*** DATASET EXCERPT ***
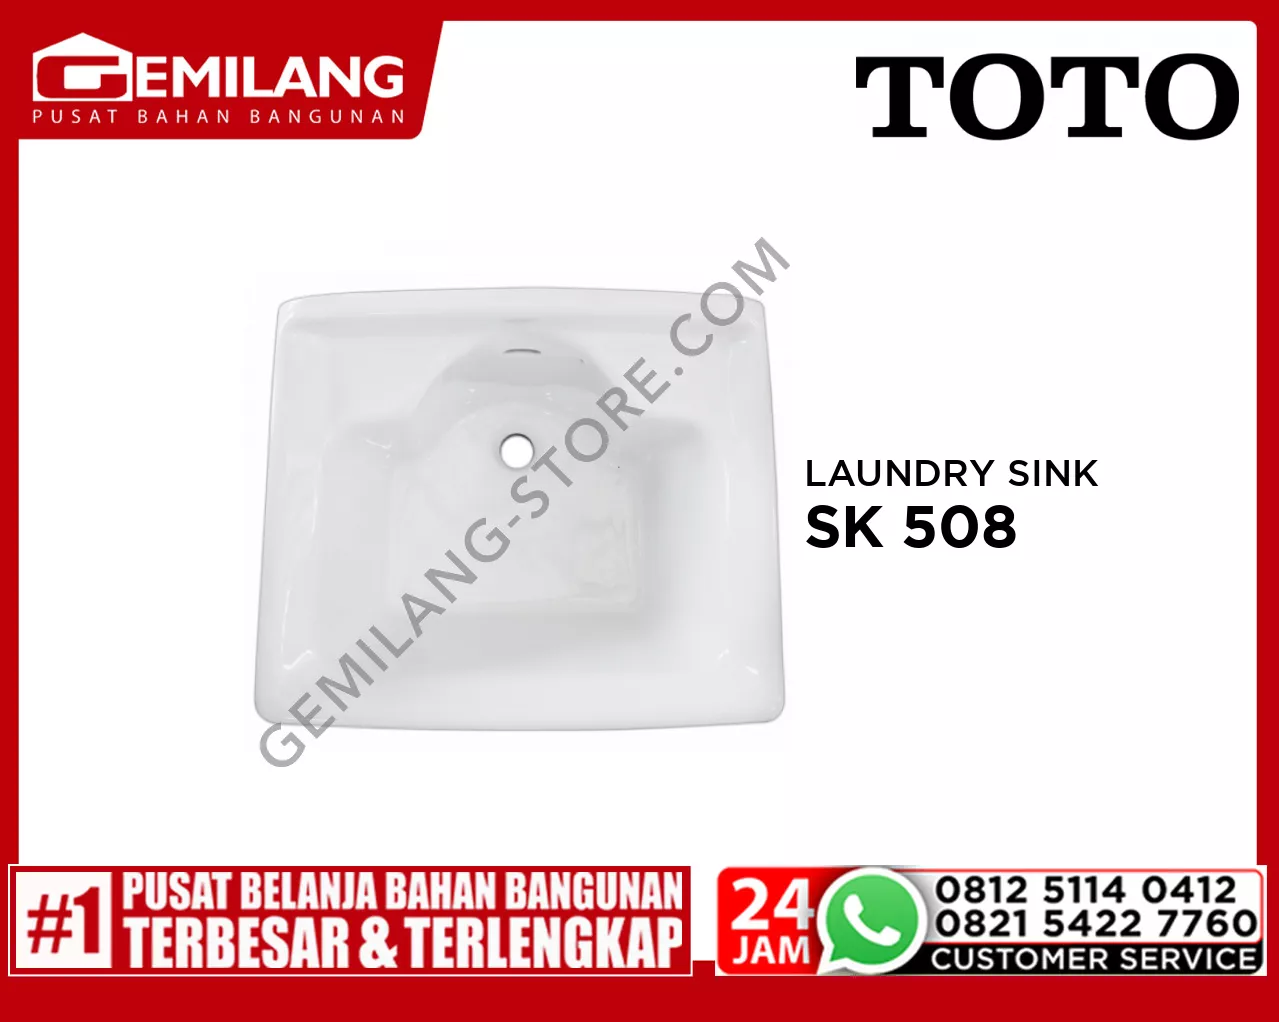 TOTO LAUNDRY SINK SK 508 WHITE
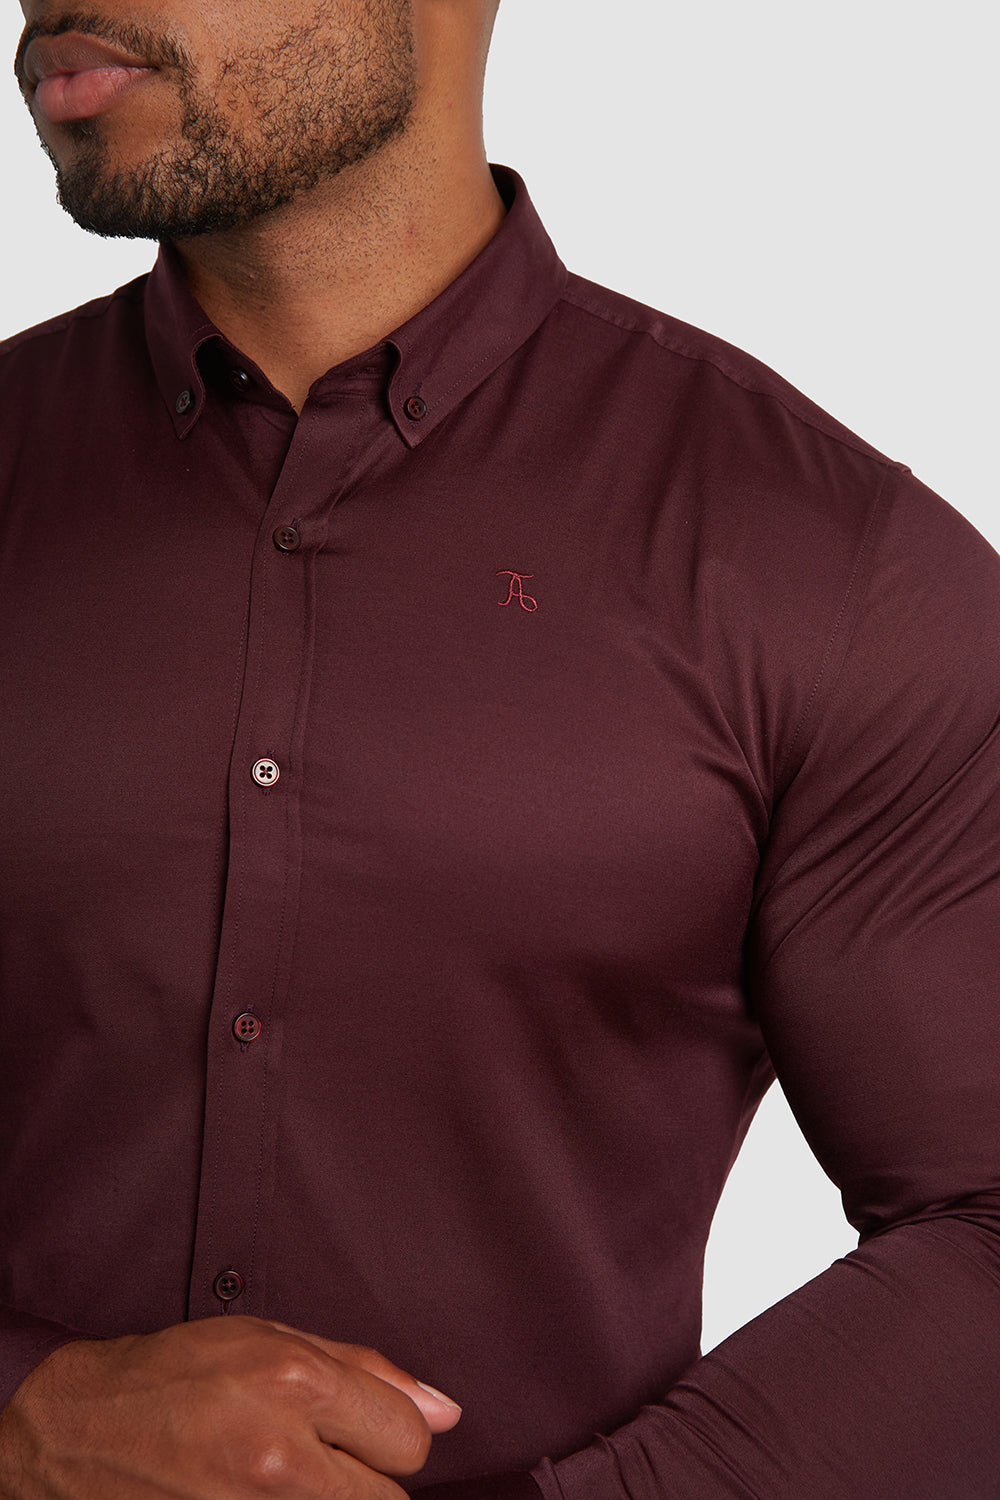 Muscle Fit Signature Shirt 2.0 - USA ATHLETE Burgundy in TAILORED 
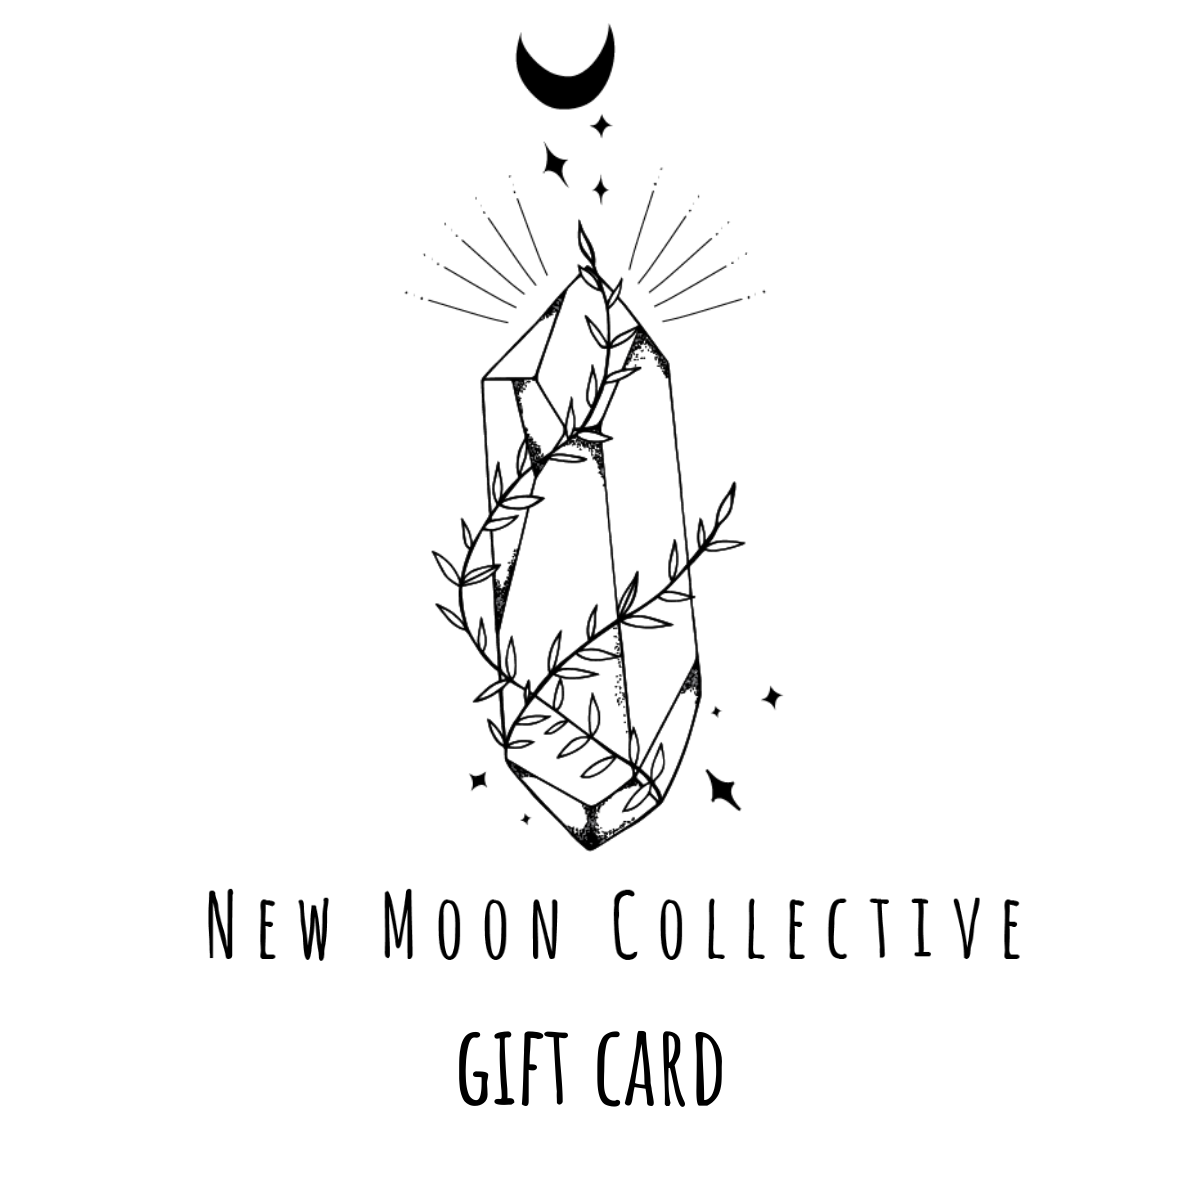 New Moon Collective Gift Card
*** End of DATASET EXCERPT ***
EXERCISE.
The listing above needs to be output again exactly. Don't include the pictures.

SOLVED EXERCISE.
 TOTO LAUNDRY SINK SK 508 WHITE
 Muscle Fit Signature Shirt 2.0 - USA ATHLETE Burgundy in TAILORED 
 New Moon Collective Gift Card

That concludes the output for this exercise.